Walter Bigelow Wriston Biography

Business Leader(1919–2005)
Walter Bigelow Wriston is best known for long serving as president and chairman of Citibank, and for introducing the world to the ATM.

Synopsis

As president (1967–70) and chairman (1970–84) of Citibank, Walter Bigelow Wriston was one of the nation's most influential bankers. He led the move to expand Citibank's commercial operations, including home mortgages and credit-card services, before retiring in 1984. He also chaired President Reagan's Economic Policy Advisory Board (1982–89), and is credited with the introduction of ATM. Wriston died in New York City in 2005.

Background

Walter Bigelow Wriston was born in Middletown, Connecticut, on August 3, 1919, the son of a historian who later became president of Brown University. Walter B. Wriston graduated from Wesleyan College in 1941 and served four years in the U.S. Army before joining First National City Bank (later Citibank) in 1946.

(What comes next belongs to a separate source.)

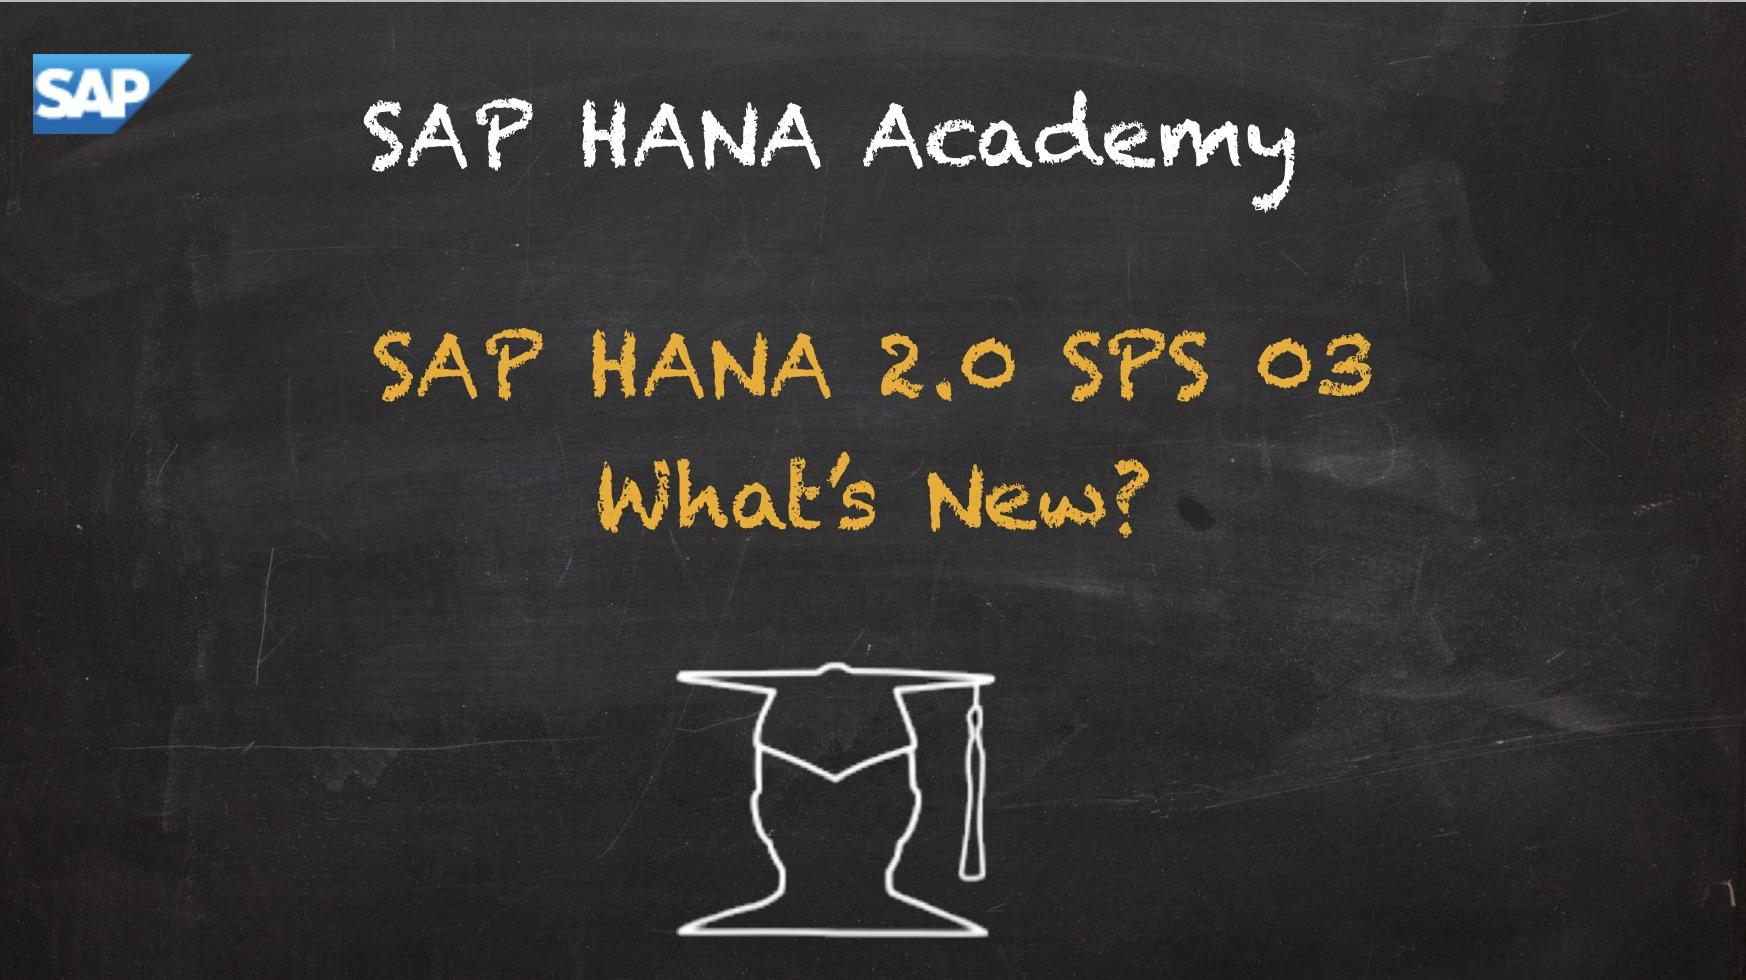 SAP S4 HANA 2.0
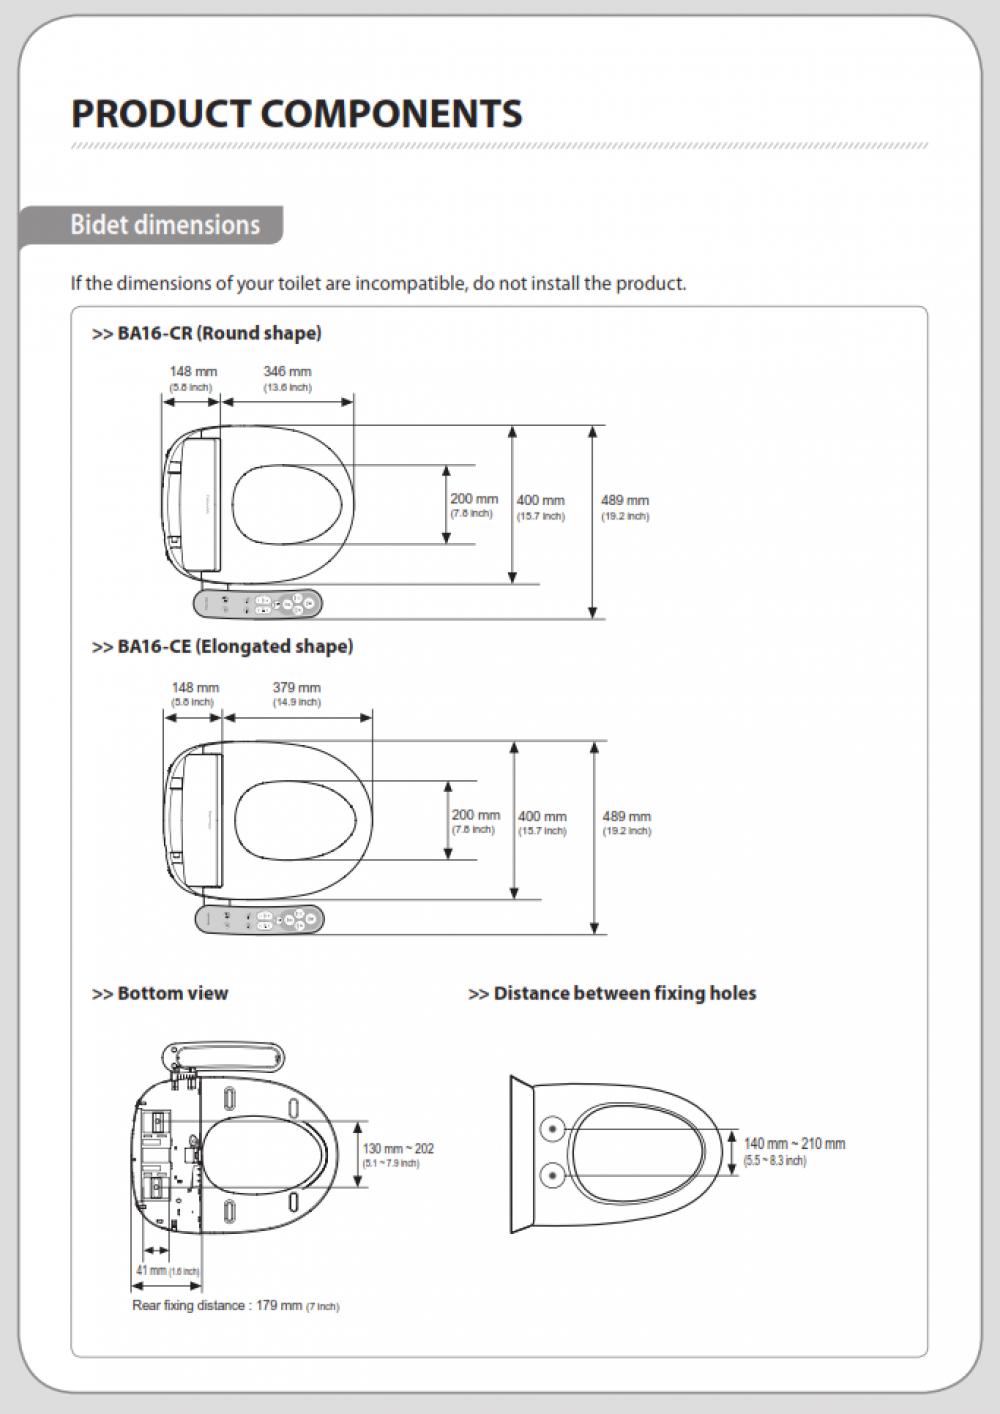 coway bas16-c dimensions coway bas16 measurments

President and Chairman of Citibank

As president (1967-70) and chairman (1970-84) of Citibank, Wriston held sway as one of the nation's most influential bankers. He led the move to expand Citibank's commercial operations, including home mortgages and credit-card services. He also chaired President Reagan's Economic Policy Advisory Board (1982-89), and wrote the books Risk and Other Four Letter Words (1986) and The Twilight of Sovereignty (1992).

Wriston is also credited with the introduction of the automated teller machine (ATM).

Later Years

Wriston retired as chairman of Citibank in 1984. Two decades later, in 2004, he was awarded the Presidential Medal of Freedom. He died on January 19, 2005, at the age of 85, in New York City.